Here’s the thing: we need statewide reform, because there’s really nothing in it for 1 town to do the right thing if the other towns around it are not, why should 1 town say, “Okay, we’re going to legalize up to 4 units on any lot”, if the town next door is like,”No, we’re sitting with our 2-acre zoning”. It doesn’t make sense.
What I talk with these towns about is that nearly every town has a village center. What I try to convince them is, okay, you can require giant lots out in the rural district. That’s fine. We can talk about the road costs, but that’s not a terrible thing. But you have to allow a more historically appropriate pattern somewhere. You need to lean into your village, you need to replicate your village. There are ways of dealing with water and sewage and septic that will allow you to have closer lots.

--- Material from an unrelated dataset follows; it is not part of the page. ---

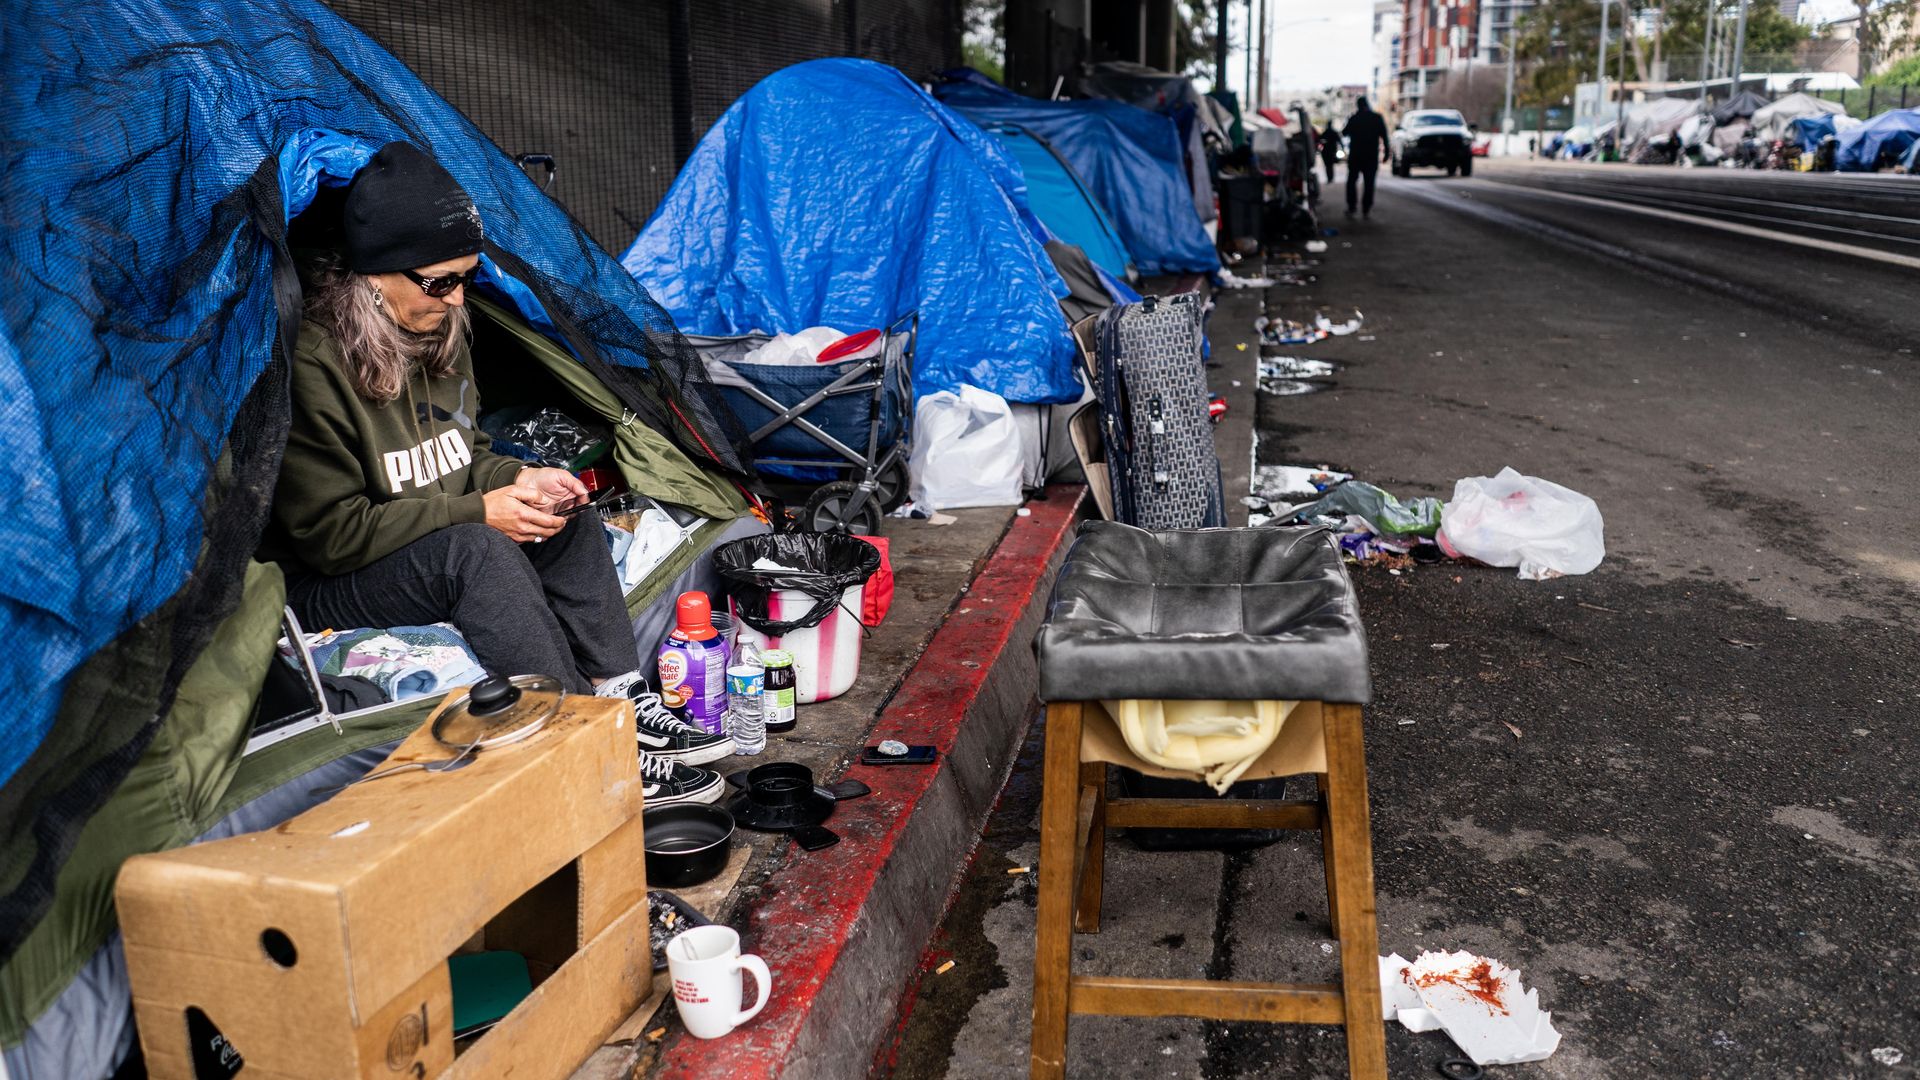 A homeless encampment in San Diego

I come from a long line of storytellers. If you take a group of people who showed up at a meeting, they’re cranky when they get there because they’re pretty sure that somebody is trying to put something over on them. I send out postcards that say, “Come to housing camp, we’re going to talk about housing issues facing your town!”, and then I go check the local Facebook page to see what’s going on. Sometimes, they’re convinced it’s a communist plot, and that all these housing units that we’re talking about are there to house illegal aliens. And also, that I hate their pickup trucks. That actually is true. I do hate their pickup trucks.
But what I’m trying to do is tell a story and help them tell their stories to each other about their lives and their housing situation. I want them to talk to the people at their table, and I want them to tell their stories, and I want them to tell the stories of people who aren’t in the room. I want you to care about those people who aren’t here.
I served 4 terms in the New Hampshire House. Do you know anything about the New Hampshire House? It is the third-largest English-speaking legislative body in the world. After the House of Commons and the US House of Representatives, the New Hampshire House has 400 members. For every 3200 people, you have a rep. My town has 6400 people. We have 2. You can’t get anything done, every term, the turnover is just punishing. Something like 1/3 of the House turns over every 2 years. You constantly get new people who don’t know anything about how anything works. Also, they pay you $200 and they take out federal taxes. I told somebody the other day, it’s not even enough to buy a pair of fancy shoes.
Of the jobs I’ve ever had, or all the careers I’ve ever had, or even the jobs I ever wanted, they all had that storytelling piece. I taught everything, but I loved teaching history because that’s storytelling. I went to seminary, that’s nothing but storytelling. They are what makes us who we are, the stories that we tell about ourselves.
I see this a lot right now, because the housing market is so tight everywhere — everybody is looking for a villain, right? The latest is Blackrock. Blackrock is coming to your neighborhood to buy all the houses, they’ll inflate the prices and not maintain them. But that model only works if your place is already undervalued. Memphis. Southeast Atlanta. Jacksonville, Florida, all of those places, those neighborhoods that have been underinvested in, and that are primarily occupied by black and brown folks, those places are ripe for that model. But in most places, that’s not your villain. The villain is you.
Our zoning codes make our places worse. I’d like to see an understanding that if we hope to have adequate housing choice, adequate housing availability, adequate housing attainability, we have to allow more housing to be built, across the board. We just haven’t built enough and we haven’t built the right things. We’ve privileged 2 things: big, single family houses on lots out by the edge of town, and 40-unit garden apartment complexes out by the highway. Those are the only things we built in most places for the last 50 years. We need to go back to building actual places.